▸ **Data block**

--- --- ---

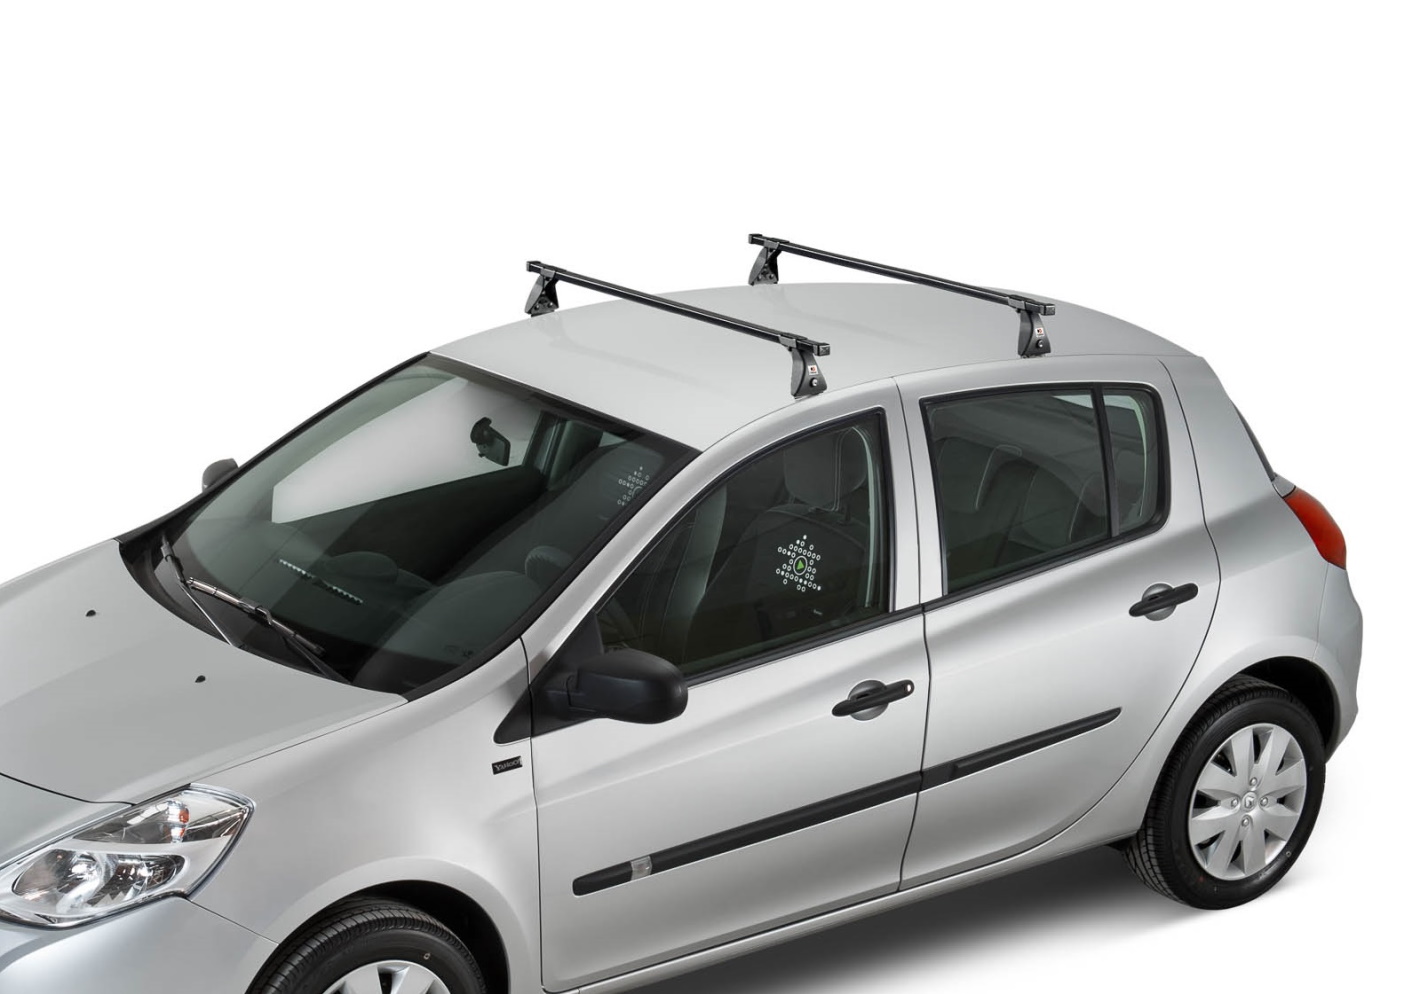 Ford Focus four door saloon (2005 to 2008):FIRRAK 115cm X roof bars with fitting kit 2054
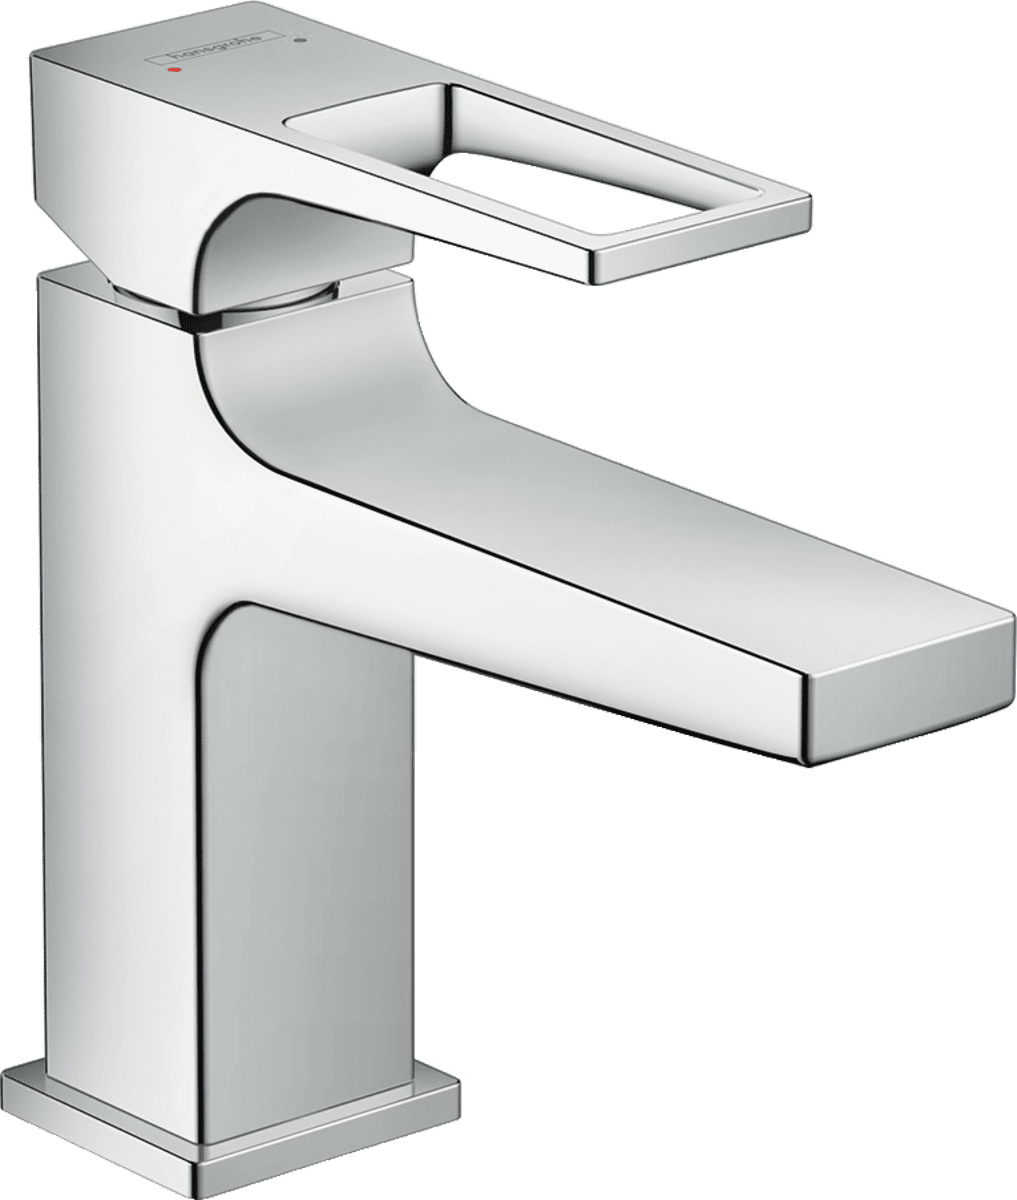 Picture of HANSGROHE Metropol Single lever basin mixer 100 with loop handle for handrinse basins with push-open waste set #74500000 - Chrome
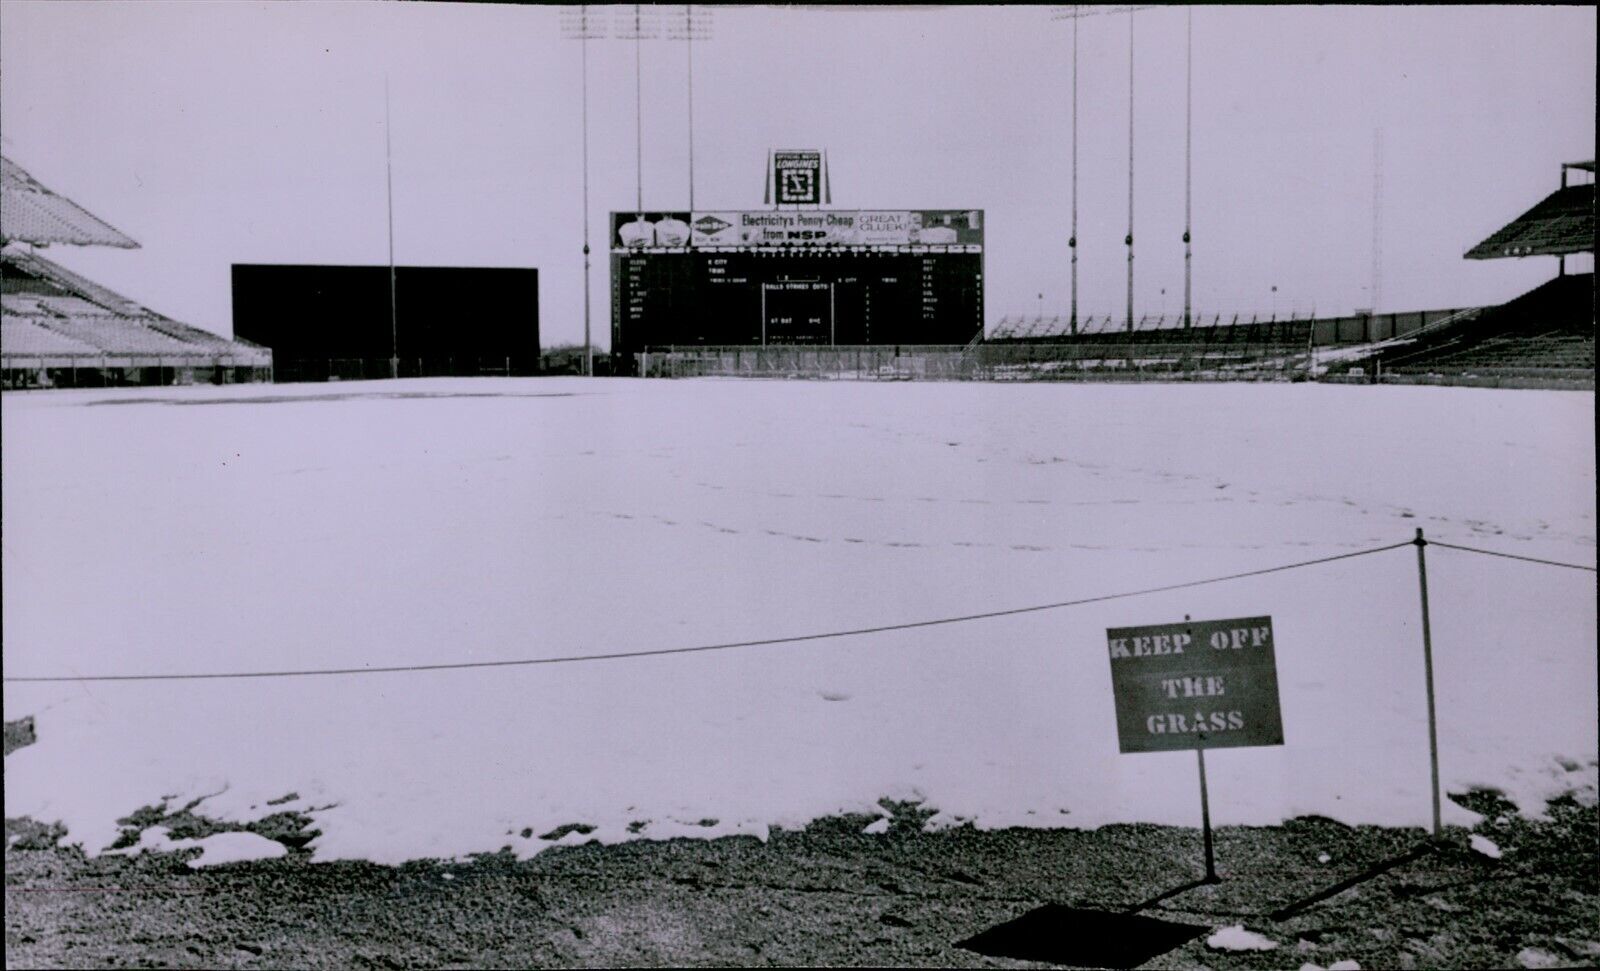 LG830 1966 Wire Photo DESERTED Met Stadium Keep Off the Grass Sign Snow Field
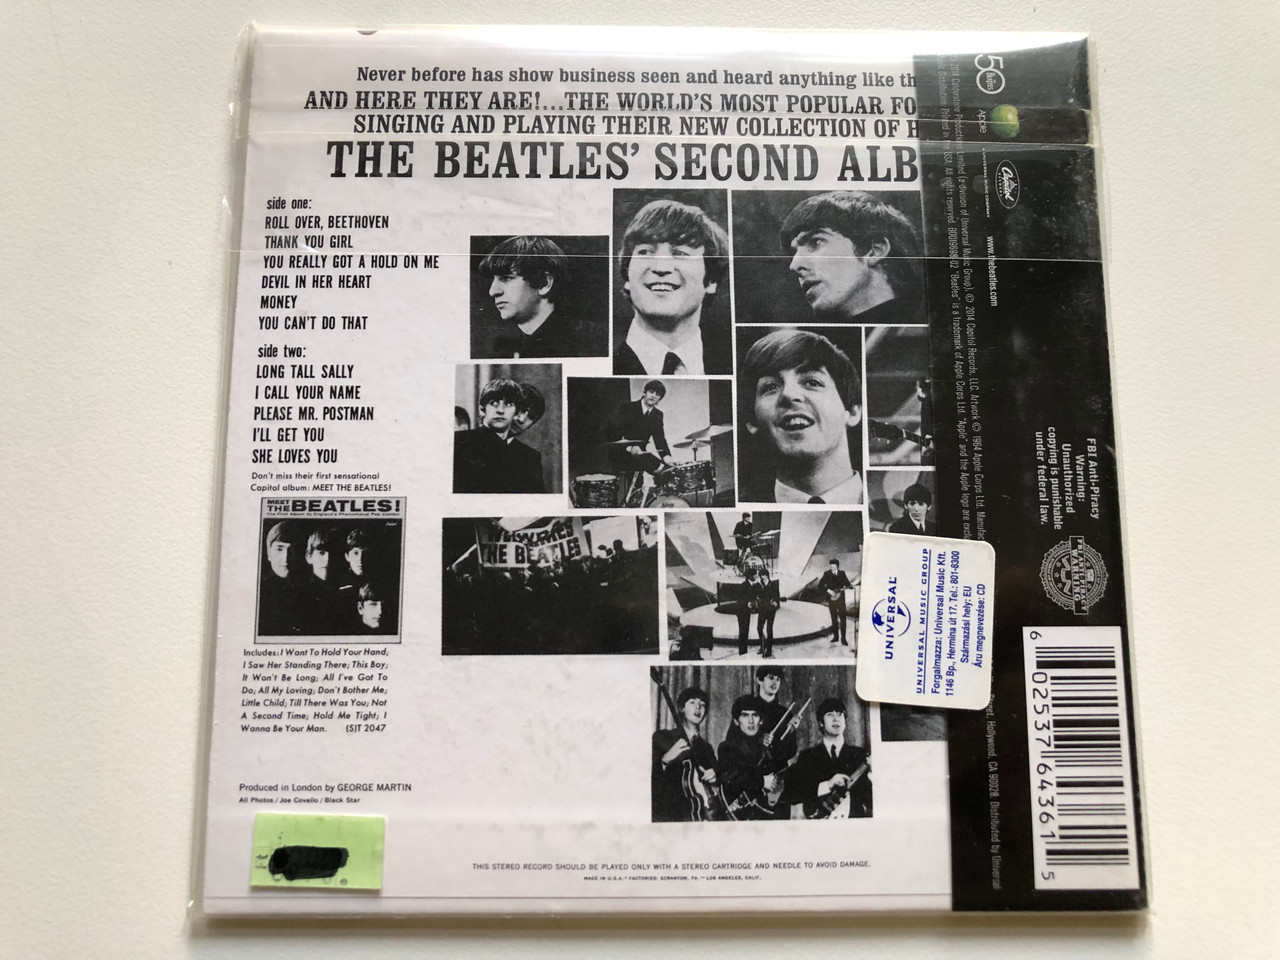 https://cdn10.bigcommerce.com/s-62bdpkt7pb/products/0/images/245397/The_Beatles_Second_Album_Featuring_She_Loves_You_And_Roll_Over_Beethoven_Entire_Album_Presented_In_Both_Mono_And_Stereo_Roll_Over_Beethoven_Thank_You_Girl_You_Really_Got_A_Hold_O__68205.1659545476.1280.1280.JPG?c=2&_gl=1*1jksiwi*_ga*MjA2NTIxMjE2MC4xNTkwNTEyNTMy*_ga_WS2VZYPC6G*MTY1OTU0MTQzMS41MTIuMS4xNjU5NTQ1MTk0LjYw

--- --- ---

▸ **Assignment**
Give back the full listing exactly, with pictures dropped.

▸ **Solution**
 Ford Focus four door saloon (2005 to 2008):FIRRAK 115cm X roof bars with fitting kit 2054
 Picture of HANSGROHE Metropol Single lever basin mixer 100 with loop handle for handrinse basins with push-open waste set #74500000 - Chrome
 LG830 1966 Wire Photo DESERTED Met Stadium Keep Off the Grass Sign Snow Field
 https://cdn10.bigcommerce.com/s-62bdpkt7pb/products/0/images/245397/The_Beatles_Second_Album_Featuring_She_Loves_You_And_Roll_Over_Beethoven_Entire_Album_Presented_In_Both_Mono_And_Stereo_Roll_Over_Beethoven_Thank_You_Girl_You_Really_Got_A_Hold_O__68205.1659545476.1280.1280.JPG?c=2&_gl=1*1jksiwi*_ga*MjA2NTIxMjE2MC4xNTkwNTEyNTMy*_ga_WS2VZYPC6G*MTY1OTU0MTQzMS41MTIuMS4xNjU5NTQ1MTk0LjYw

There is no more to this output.